After a 13-week lockdown, the GAA yesterday announced that its grounds will re-open on Wednesday, five days earlier than initially intended. It follows the easing of government restrictions on Friday and the latest recommendations from the Covid-19 Advisory Committee that met yesterday morning.
The previous reopening date for clubs was June 29.
From Wednesday, adult teams will be allowed train on a non-contact basis, on the understanding that they follow strict protocols, with minor and all juvenile teams granted permission to return on Saturday.
All teams will be allowed to resume full contact training and play challenge matches from June 29 but logging of attendance and sanitising protocols will remain in place.
The other significant announcement, made jointly by the GAA, the Camogie Association and the Ladies Gaelic Football Association, is the approval of a return to club competition from Friday, July 17, two weeks ahead of the original schedule on the GAA’s roadmap to recovery.
There has been no change to the proposed inter-county return dates, with September 14 earmarked for the resumption of training and October 17 as the starting point for competition. That stretches the club competition window from 11 to 13 weeks.
In order to return to training club players and mentors need to have completed an e-learning module and a health questionnaire. Before full contact is allowed on June 29, all training sessions will have an upper limit of 15 players in any single group in the 26 counties, with a maximum of 10 permitted in the six counties north of the border.
The GAA said it was “awaiting guidance” from the Northern Ireland Executive in relation to forming proposals for the six counties around contact training.
Restrictions on non-participants at training will also be relaxed from June 29. From then on a maximum of 200 people may be allowed in each ground which is in line with government guidelines. In recent weeks club volunteers have been familiarising themselves with obligations and measures put in place for a return to activity, including the appointment of designated Covid-19 officers in each club.
Teams have been resuming training activity outside of club grounds – some in Offaly even used bogs – despite the fact that they were not covered by the GAA’s insurance scheme. They were not breaching any laws provided they maintained the required social distance and took the relevant precautions.
For now, club dressing rooms remain closed until July 20, and the Advisory Committee is in the process of deciding what approach to take with other GAA buildings such as club bars, gyms, hurling walls and handball alleys. Guidance on this is expected before June 29 and these restrictions may also be eased.
Yesterday’s news followed the announcement by GAA of its Return To Play roadmap published on June 5 and will be welcomed by club players and mentors.

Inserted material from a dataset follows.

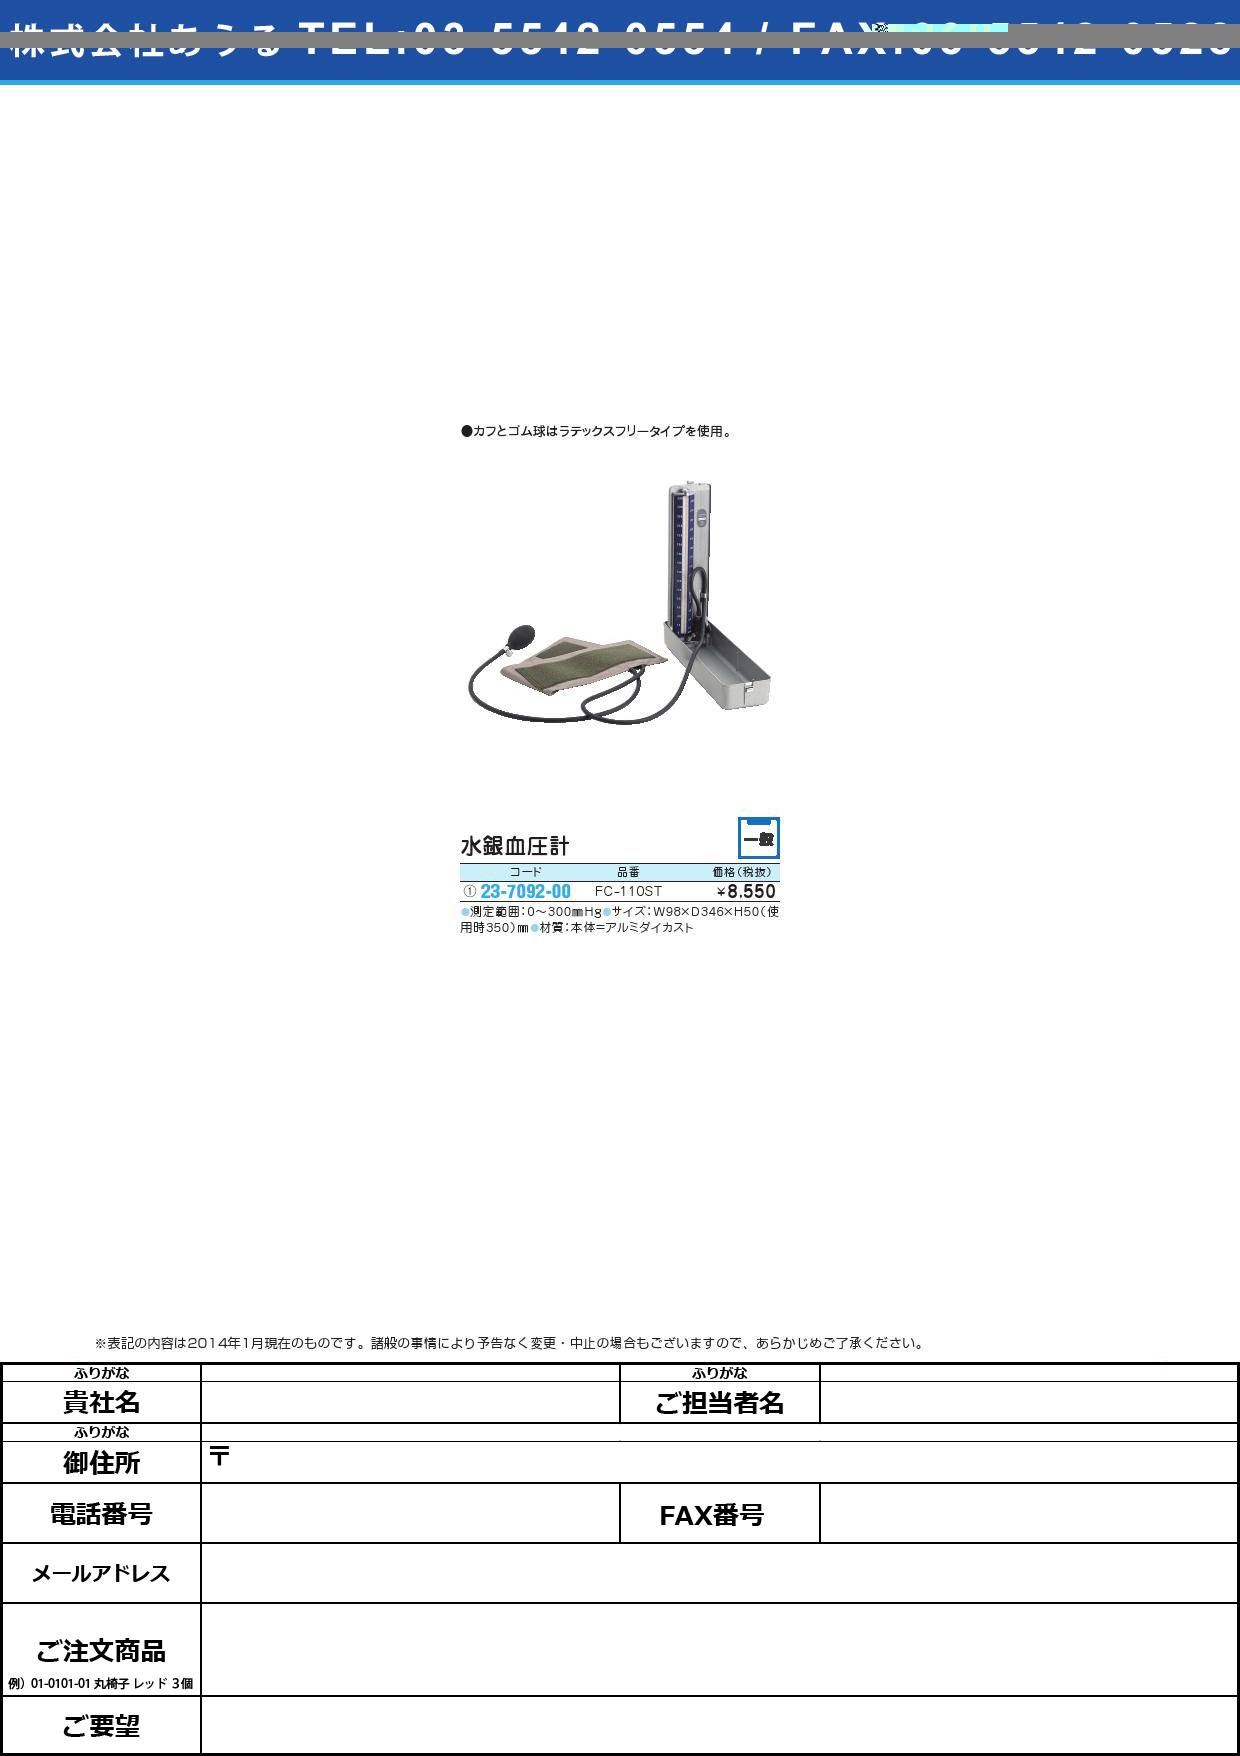 (23-7092-00)水銀血圧計 ｽｲｷﾞﾝｹﾂｱﾂｹｲ(23-7092-00)FC-110ST【1台単位】【2014年カタログ商品】

The earlier return to competition allows county committees an extra two weeks to schedule fixtures before the county season resumes. Already the matter has sparked controversy with some counties deemed to be over-compressing their schedules in order to allow county teams longer preparation for October.
Liam Griffin, a prominent member of the Club Players’ Association, said that the GAA at national level needed to hold county boards accountable.
He said that any perception that county committees were favouring inter-county interests in not making full use of the current window would “further undermine the GAA in the eyes of the ordinary club player.”
Griffin added: “If what the GAA has called for is not being carried out, and it is not being carried out because you have 32 independent republics doing it their way, then what is the point if it cannot be enforced?”
The AFL has confirmed a first Covid-19 case among its players, with Tyrone’s Conor McKenna testing positive. The former Tyrone player, now with Essendon, had been back in Ireland during the pandemic and is reported to have tested negative for the virus five times before the positive test yesterday.